6. Returning again to the Pauline description of the body in First Corinthians 12:18-25, we wish to draw attention to the following fact. According to Paul, that particular effort which aims at respecting the human body, and especially its weaker or unpresentable parts, corresponds to the Creator's original plan, that is, to that vision which Genesis speaks of, "God saw everything that he had made, and behold, it was very good" (Gn 1:31). Paul writes: "God has so composed the body, giving the greater honour to the inferior parts, that there may be no discord in the body, but that the members may have the same care for one another" (1 Cor 12:24-25). As a result of discord in the body, some parts are considered weaker, less honourable, and so unpresentable. This discord is a further expression of the vision of man's interior state after original sin, that is, of historical man. The man of original innocence, male and female, did not even feel that discord in the body. In Genesis 2:25 we read that they "were naked, and were not ashamed." The Creator endowed the body with an objective harmony, which Paul specifies as mutual care of the members for one another (cf. 1 Cor 12:25). This harmony corresponded to a similar harmony within man, the harmony of the heart. This harmony, that is precisely purity of heart, enabled man and woman in the state of original innocence to experience simply (and in a way that originally made them both happy) the uniting power of their bodies, which was, so to speak, the unsuspected substratum of their personal union or communio personarum.
In holiness and honour
7. As can be seen in the First Letter to the Corinthians 12:18-25, the Apostle links his description of the human body with the state of historical man. At the threshold of this man's history there is the experience of shame connected with "discord in the body," with the sense of modesty regarding that body (especially those parts of it that somatically determine masculinity and femininity). However, in the same description, Paul also indicates the way which (precisely on the basis of the sense of shame) leads to the transformation of this state to the point of gradual victory over that discord in the body. This victory can and must take place in man's heart. This is the way to purity, that is, "to control one's own body in holiness and honour." Paul connects First Corinthians 12:18-25 with the honour which First Thessalonians 4:3-5 deals with. He uses some equivalent expressions when he speaks of honour, that is, esteem for the less honourable, weaker parts of the body, and when he recommends greater modesty with regard to what is considered unpresentable in man.
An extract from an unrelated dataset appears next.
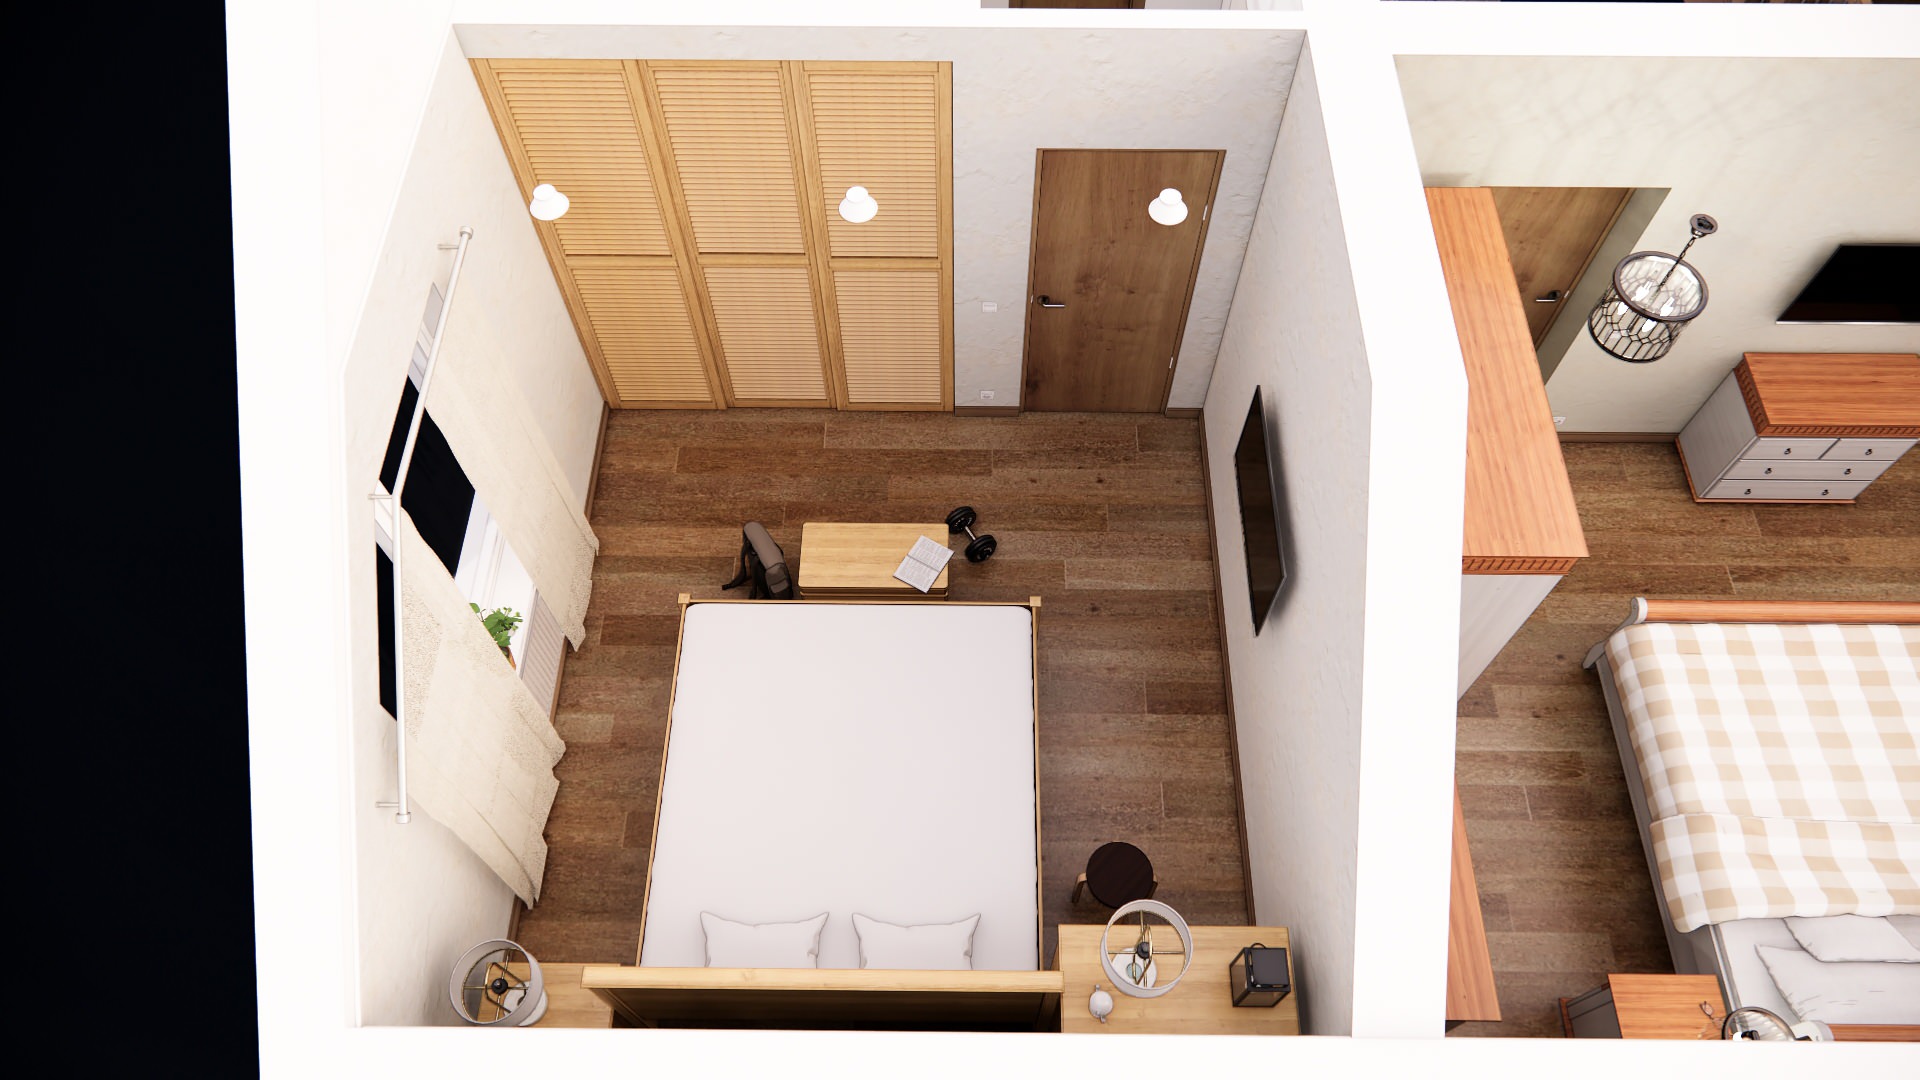 Интерьеры дома в немецком стиле: спальни и второй этаж обзорно

These expressions more precisely characterize that honour, especially in the sphere of human relations and behavior with regard to the body. This is important both as regards one's own body, and of course also in mutual relations (especially between man and woman, although not limited to them).
We have no doubt that the description of the human body in First Corinthians has a fundamental meaning for the Pauline doctrine on purity as a whole.